Showing posts with label side effect. Show all posts
Showing posts with label side effect. Show all posts

Wednesday, March 03, 2010

On top of the world...


I'm having a very sleepy day. Each time I get up and think I'm done sleeping, it turns out I'm wrong and I have to go back to the sofa and sleep a few more hours and that is how I've been passing the time today. No cup of coffee has helped me get over it yet and I don't want to drink too much coffee, so I've switched to drinking cold milk. Tyke has been very accommodating and only wrecked the plant on the coffee table while I was asleep. That's the most damage he's done in all those hours and I couldn't even get mad about it. It wasn't his fault that he was left unsupervised and bored to tears.

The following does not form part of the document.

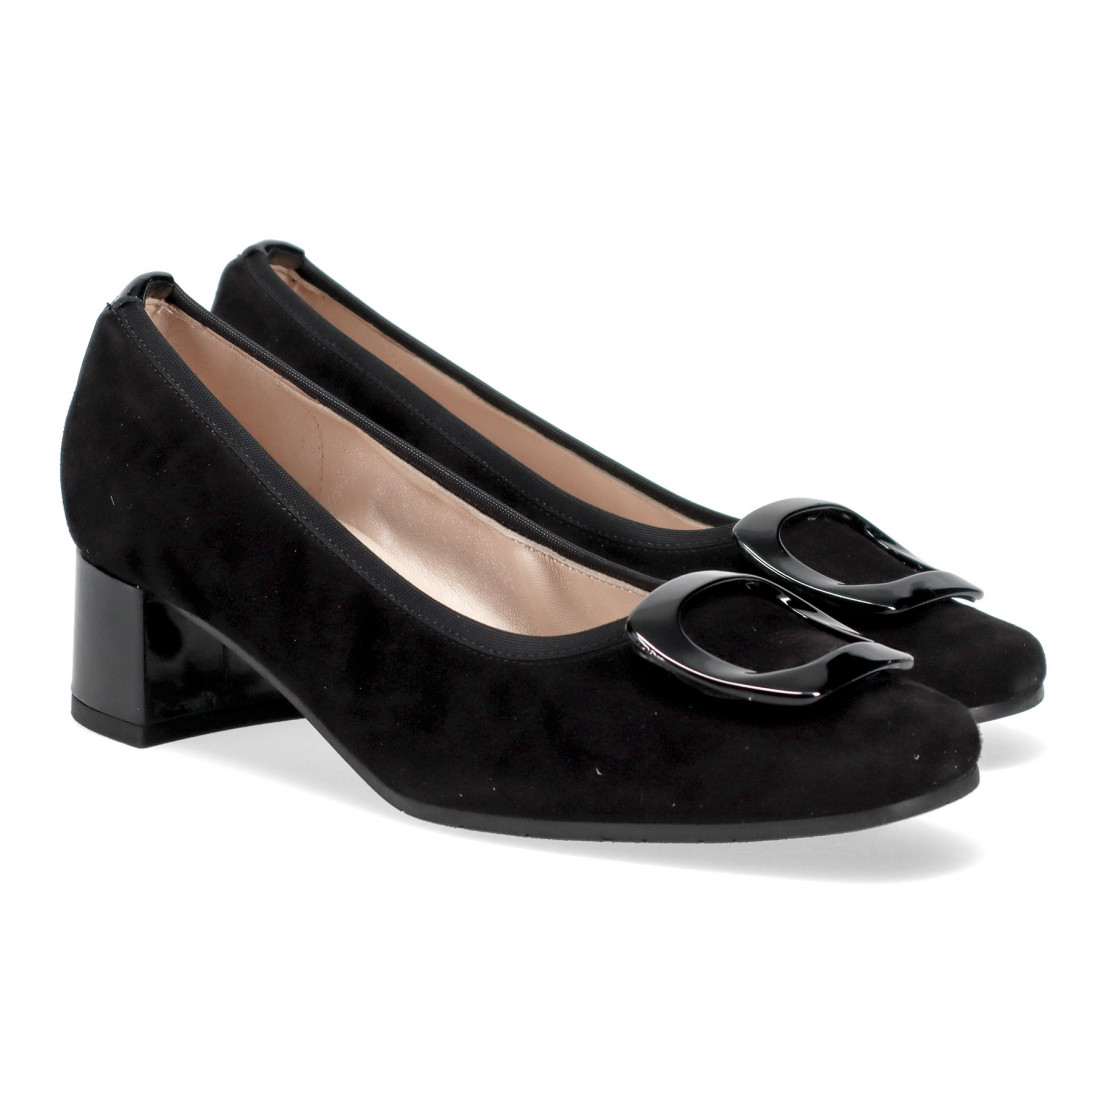 Sangiorgio black suede pump with comfortable heel

I'm trying to pull myself together now, but I'm still sitting here in my pajamas and bathrobe and I don't know when I'll get dressed or if I'll get dressed. If I hadn't just been sick, I'd say I was getting sick, but I know I'm not. It's purely psychological, this tiredness. Maybe it is in reaction to the excitement I've been feeling at the prospect of me quitting my medication and that playing such a large role in my life these past few days. The thought has consumed me.

I'm also looking a lot at my feelings and emotions and behavior and deciding what is within the range of 'normal' and what could be labeled as pathological, or what could actually be a side effect of all the drugs I take. I've decided that a lot of it is 'normal' and that I'm not as far off course as I think I am. Certain feelings disappear quickly if I don't put a label on them. Like snow for the sun. It's the labeling that makes them important and pathological. It makes me look crazier than I am. It's something that I can change right now this minute.

The drugs I take have so many side effects that it's not even funny. If you read about the side effects, you would think long and hard before taking them, and taking them in combination with each other too. It's really no wonder that I have such altering moods during the day and that I have anxiety attacks and that I'm so tired so often and that I basically lack a personality.

Well, that's enough about that for now. It does rile me up.

The sun has been shining all day as far as I know. There's a bright blue sky and it's 5C. It's warm inside the living room because the sun shines right into the windows, which is nice in the wintertime, but not so nice in the summertime when it's hot. Oh look, I'm complaining about the summertime and it's not even spring yet.

I'm going to get dressed and walk the dog. The poor animal does have to go out once in a while.

Have a happy day.

Ciao,
Nora

Friday, January 15, 2010

I din't get it quite right...


Well, I slept on the sofa with two cats on top of me the whole time. The good news is that I didn't have any night sweats, the bad news is that I didn't sleep long enough. I woke up at 4 o'clock this morning and got up and made myself a cup of coffee and wild horses couldn't have dragged me back to sleep. I would have gone kicking and screaming. I was bound an determined to be awake and alert and functioning. Where there's a will, there's a way. It only took one cup of coffee and two cigarettes to be completely there. I was answering emails before my brain was at the right speed. It was in first gear and I took off, switching gears as I got up to speed. I have just taken my medicines and in a while that antipsychotic medication will make me sleepy again and then I will go back to the sofa. I'm assuming that that's what the problem is, anyway.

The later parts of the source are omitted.